A credible "primary source" can be 100 years later than the reported events.
And is it true or not that much of our historical record comes from written sources that are even farther removed than this from the reported events? Isn't it true that some of Tacitus is about Caesar Augustus who lived 100 years earlier? And yet don't we still believe Tacitus as a source for this period?
Here is a website which lists Tacitus as a "primary source" for Caesar Augustus --
http://www.vroma.org/~bmcmanus/augustus_sources.html -- even though most of what Tacitus reports about him happened at least 100 years before he reported it. (I have mostly given up on the meaning of "primary source," but Tacitus is always high on the list of sources for Augustus. I'm sure there are many facts about Augustus that are from Tacitus ONLY.)
(This Tacitus document, the
Annals, is the same one in which Tacitus reports that "Chrestus" or "Christus" was executed by order of Pontius Pilate, an event later and thus closer to Tacitus than the many events he reports about Augustus.)
The point is that if an author writing 100 years later is relied upon as a "primary source" for the events, why should we have so much difficulty giving credibility to the gospel accounts which are 50-60 years out, and actually much closer for a large part?
And further, why should we have trouble believing Josephus and Tacitus, who attest to Jesus as an historical person, who spoke of him as an historical figure about 60-90 years later?
Don't these attestations to his existence make it more difficult to believe he was "made up shit" or fictional? or "easier" to believe that he really did exist as an historical figure?
Aren't the gospel accounts about Jesus easier to believe than accounts of the deeds of Hercules who, if he lived at all, had to have lived at least 1000 years before any source we have about him?
Why is it "bullshit" to say that the gospel accounts about the deeds of Jesus are easier to believe than the accounts of Hercules?
There are no complicated steps, which is what makes that "easiest."
There is always the step of comparing the claim with the known facts. This is not an option, but is mandatory.
Yes. But you select odd things as 'facts,' making your analysis undependable.
Again, you can't find fault with the principle, i.e., believing the account because it's "easier" to explain it if it's true than if it's false, and instead your only objection is that I'm a liar. OK. But you can't give any reason for rejecting this straightforward common-sense principle, i.e., that:
Assuming the account is false makes it more difficult to explain where the account came from, or how it came to be written, or
Assuming the account is true makes it easier to explain where the account came from, or how it came to be written.

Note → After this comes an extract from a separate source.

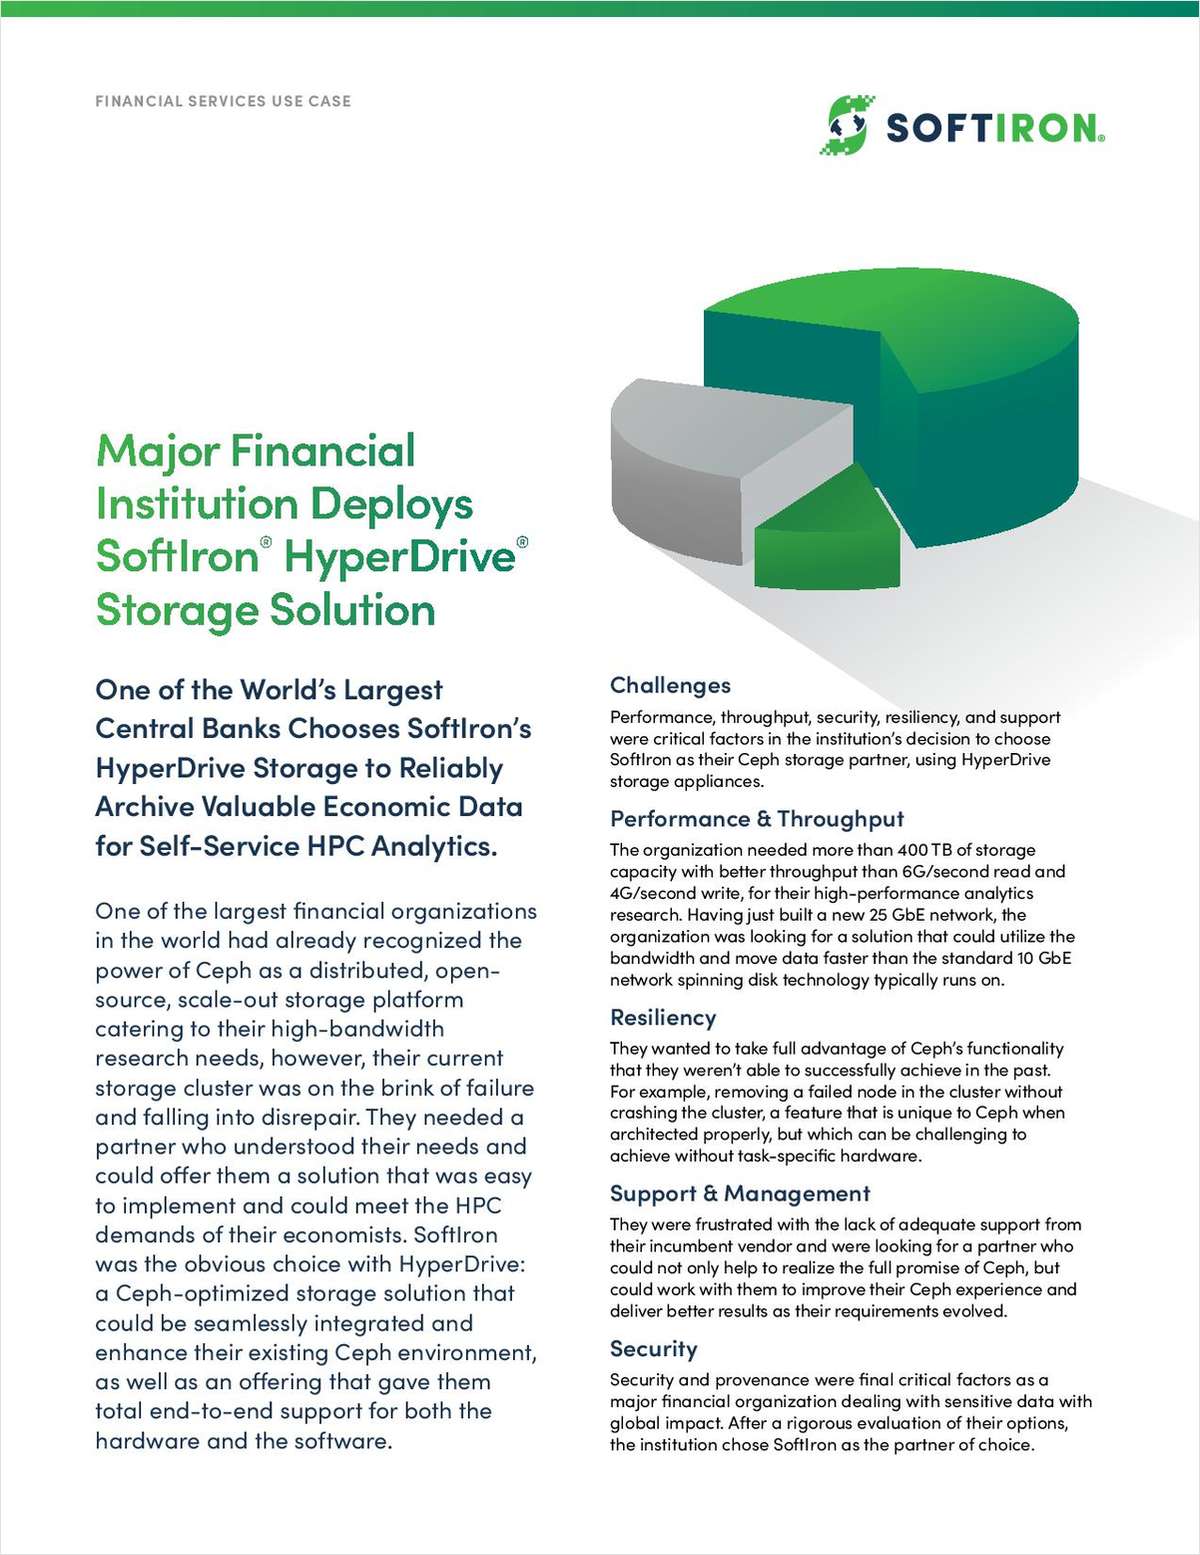 SoftIron for Financial Services

Another example of this is the fact that Jesus was not a widely-reputed celebrity or a powerful politically-connected figure or someone with a long career behind him, like John the Baptist or Hillel or Vespasian, or even like Apollonius of Tyana who enjoyed a long colorful career.
So, doesn't this make it more difficult to explain how Jesus could have become mythologized? Doesn't the widespread reputation of the mythic hero or Sage or Prophet, widespread fame and large accumulation of disciples recruited over 20 or 30 or 40 years, make it much "easier" for a charismatic figure to be explained as someone who became mythologized and to whom miracle deeds might be ascribed? Isn't this how the miracle acts became ascribed to Gautama Buddha, e.g.?
Why are we having trouble understanding this?